**Exercise goal**
What's wanted here is the full listing below, repeated exactly, with no images in it.

**Information shown**
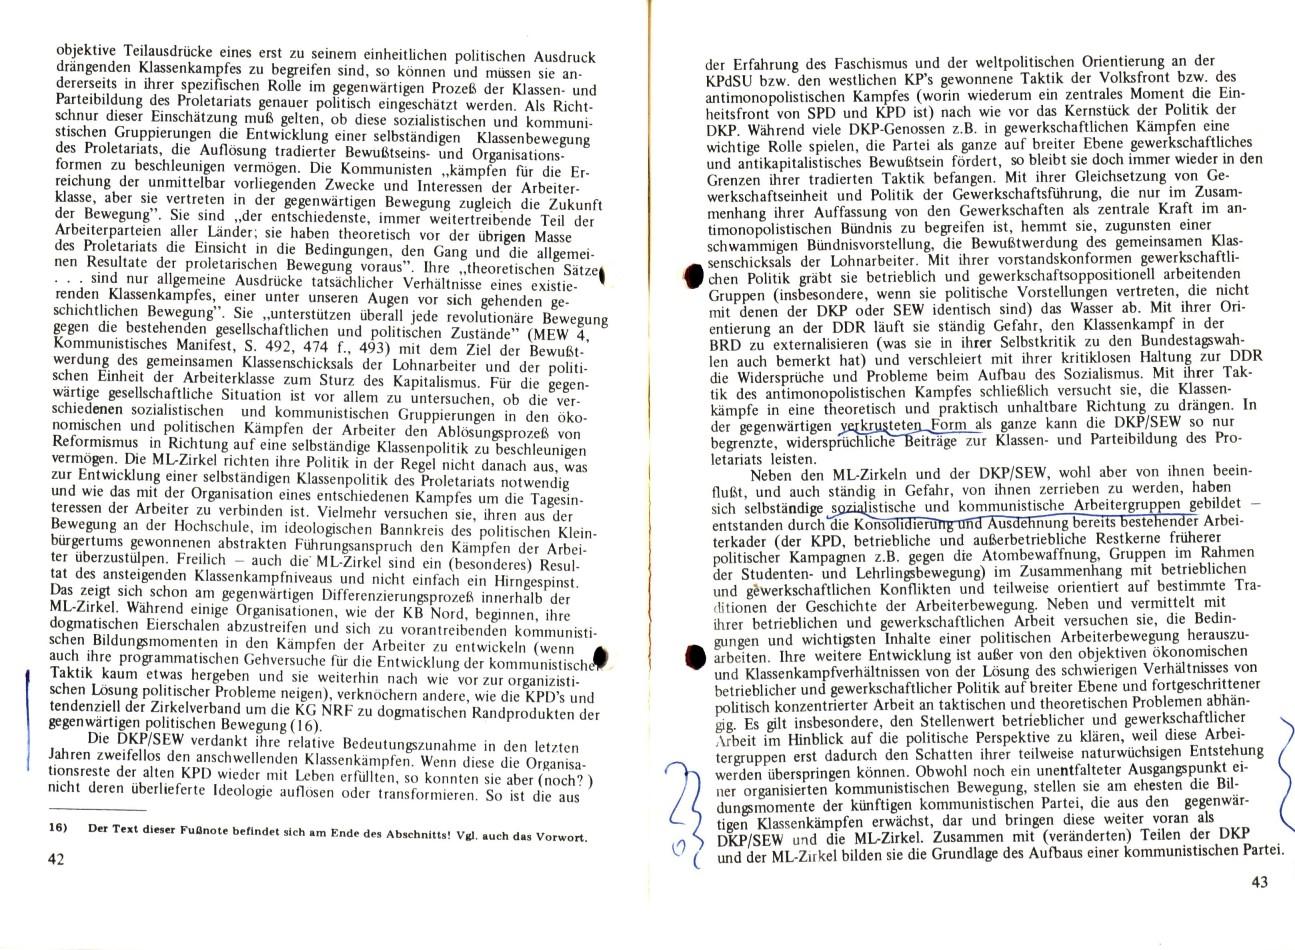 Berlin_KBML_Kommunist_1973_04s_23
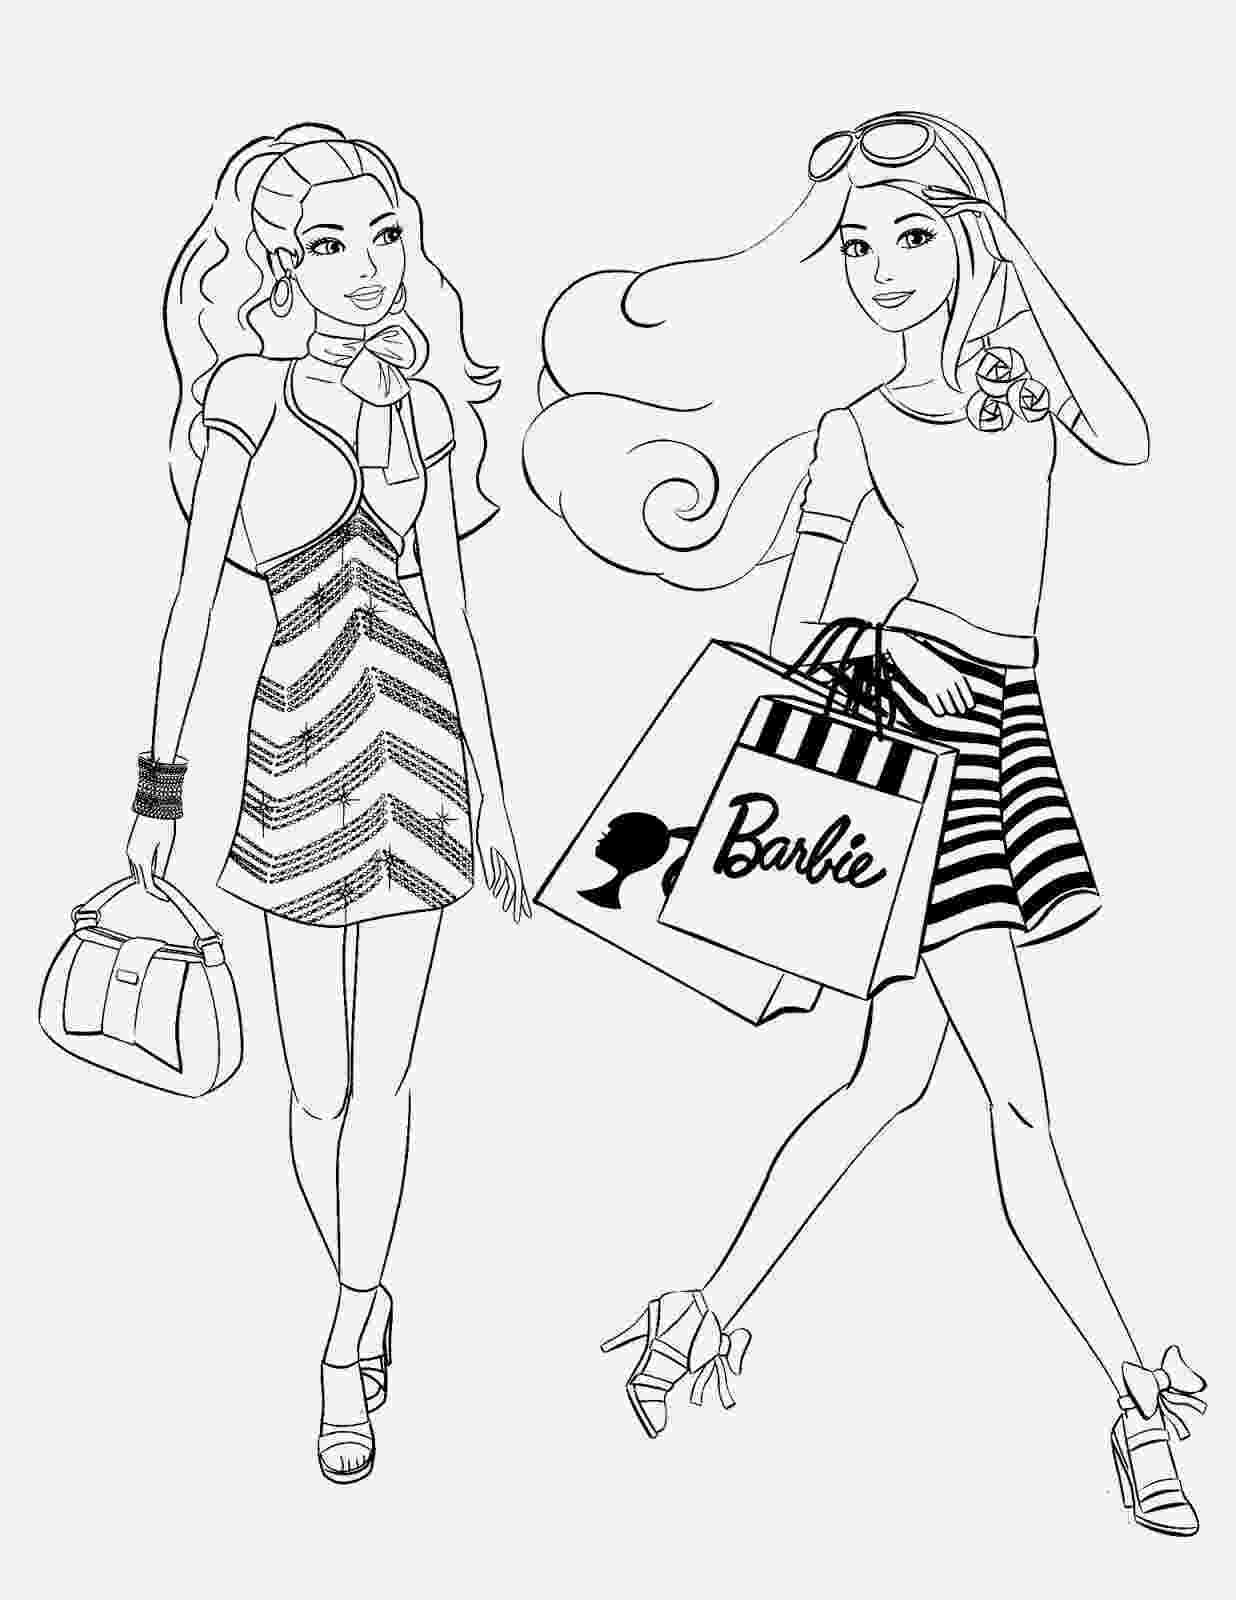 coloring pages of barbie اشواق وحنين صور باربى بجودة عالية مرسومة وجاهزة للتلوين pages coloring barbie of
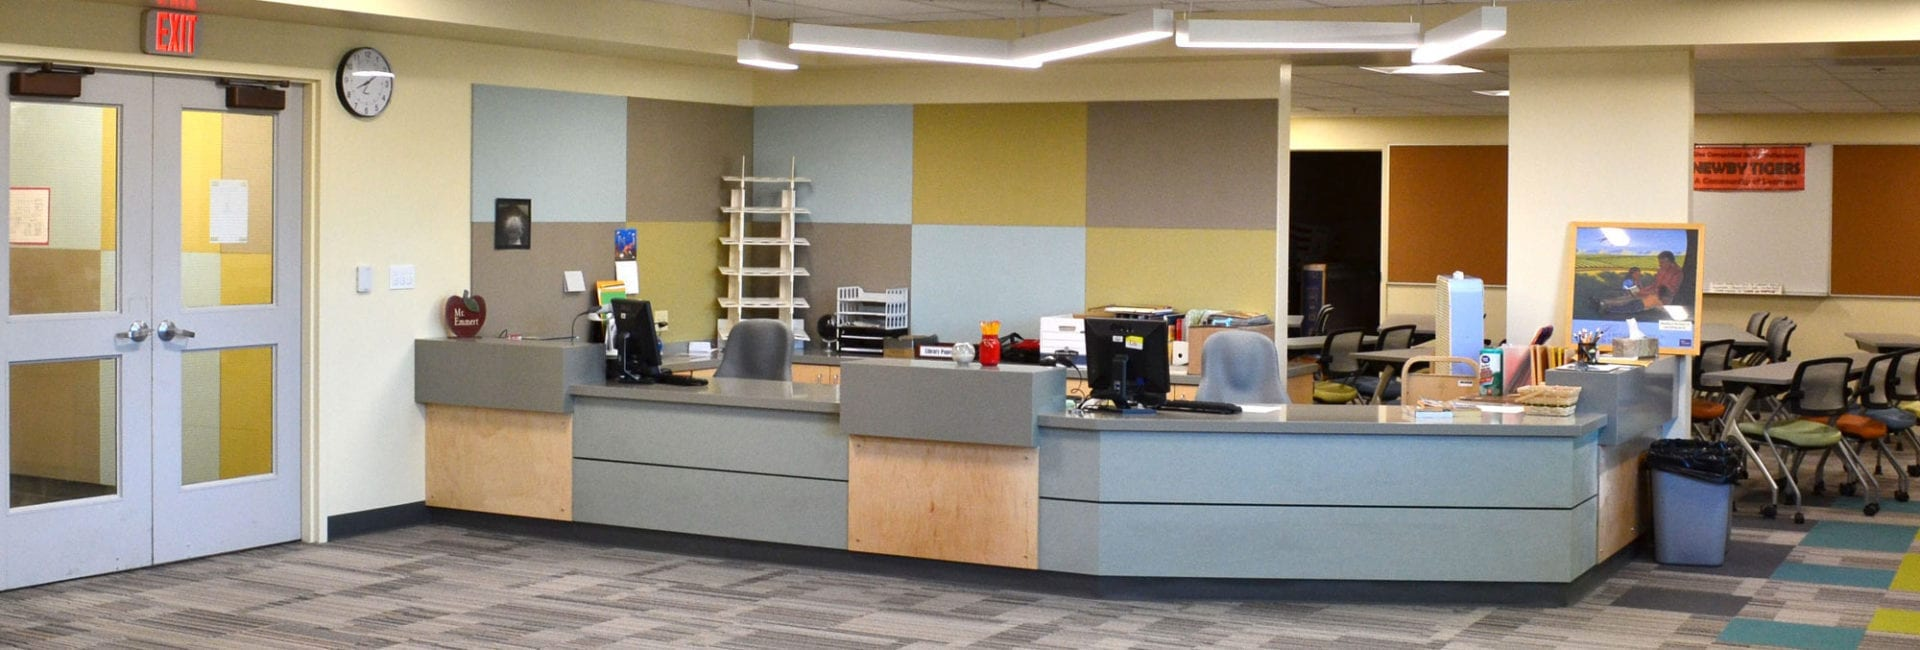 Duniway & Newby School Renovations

**Reply**
 Berlin_KBML_Kommunist_1973_04s_23
 coloring pages of barbie اشواق وحنين صور باربى بجودة عالية مرسومة وجاهزة للتلوين pages coloring barbie of
 Duniway & Newby School Renovations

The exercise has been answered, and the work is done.